Nell’attuale globalizzazione, la malnutrizione è
strettamente collegata alle condizioni di vita
delle persone, a sua volta conseguenza diretta
di quella economica. Tra le popolazioni benestanti,
diffusi di fenomeni legati all’eccesso alimentare; tra
quelle più povere, le classiche carenze alimentari e
vitaminiche e le malattie correlate

Mentre il mondo precipita baldanzoso ed incosciente nella “guerra mondiale combattuta a pezzi”, come dice Papa Francesco, il 16 ottobre si è celebrata la Giornata Mondiale dell’Alimentazione, questa volta centrata sull’importanza dell’acqua e del suo uso razionale per le produzioni alimentari.
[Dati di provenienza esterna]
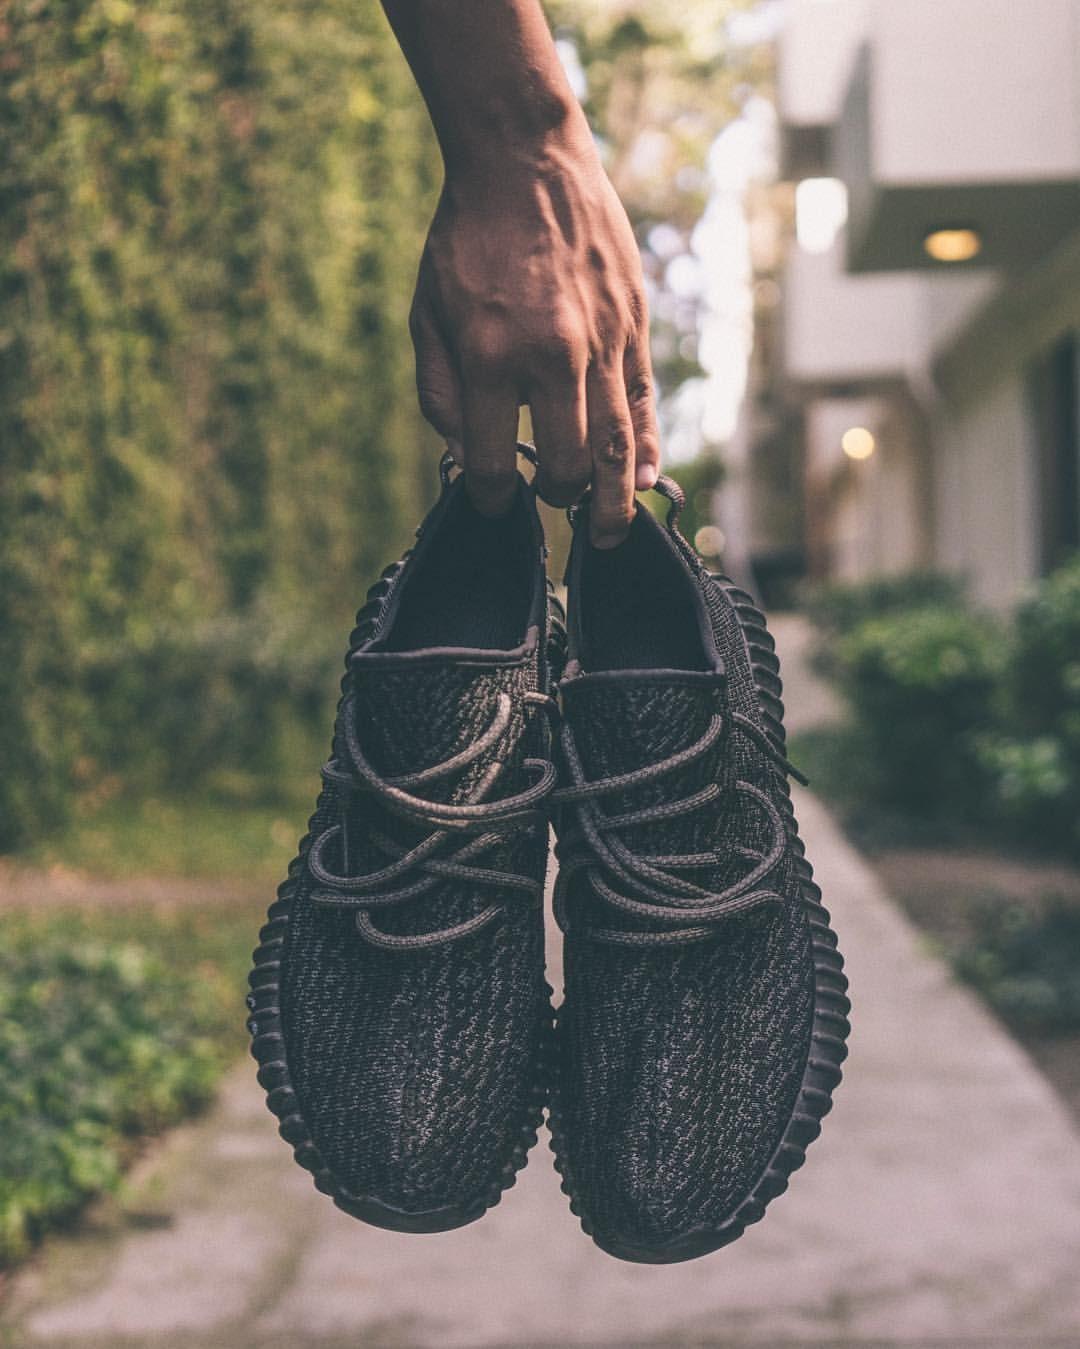 Adidas Yeezy 350 Boost negro pirata lanzamiento el 19 de

I numeri sono stati riportati da tutti i media, purtroppo in parte occultati dalla cronaca di guerra quotidiana.

Bene ha fatto il presidente Mattarella a collegare la guerra al grande problema della produzione e distribuzione del cibo a tutte/i nel mondo, ricordando che il mancato accesso all’acqua (come purtroppo è avvenuto a Gaza in questi giorni tragici) e il suo spreco o inquinamento (come avviene quotidianamente nelle nostre cittadine) sono frutto delle nostre decisioni e si aggiungono a quelli del cambiamento climatico.

La tragica realtà è che, con le politiche di “sviluppo” perseguite dagli anni Sessanta in poi, la cosiddetta “fame nel mondo” ha cambiato aspetto e, se da un lato si sono ridotte le morti per carestia, dall’altro è aumentato il numero delle persone malnutrite, dirottando così le morti in altre categorie statistiche, ma diffondendo uno stato di povertà alimentare che facilmente si trasforma in povertà immunitaria, come dimostrato dalle epidemie deli ultimi  decenni; come detto in un altro articolo (“La sicurezza alimentare: un sistema complesso e difficile da controllare”, qui), sono state queste politiche prima di “rivoluzione verde” e poi di “aggiustamento”  a esporre i Paesi interessati a pericoli alimentari.  Il reale cambiamento nel numero di indigenti sul pianeta è stato realizzato dalle politiche della Cina (fuori dai programmi dell’ONU per decenni) che dagli anni Cinquanta in poi, con andamenti altalenanti a causa delle vicende politiche interne, ha sottratto alla povertà e all’indigenza una importante fetta dell’umanità.

Per il continente africano, luogo principale delle politiche dell’ONU, i risultati sono stati molto deludenti. Le politiche di sviluppo si sono facilmente trasformate in rapina e saccheggio, spesso a causa di una classe dirigente attratta dai privilegi creati dall’istruzione e dall’appartenenza alle élite che aveva lottato per l’indipendenza dei diversi Paesi. In un bellissimo libro della scrittrice nigeriana Chimamanda Ngozi AdichieMetà di un sole giallo” sono narrate le vicende di una famiglia borghese (in realtà, quelle vissute anche dai suoi genitori) durante la guerra civile per la tentata secessione del Biafra dalla Nigeria; guerra che trasformò il luogo più ricco e benestante del grande Paese africano in un territorio devastato da guerra e carestia e che mutò, sino alla morte per fame ed indigenza, le condizioni sociali e di vita di intere famiglie che nei secoli precedenti non avevano mai affrontato questi problemi.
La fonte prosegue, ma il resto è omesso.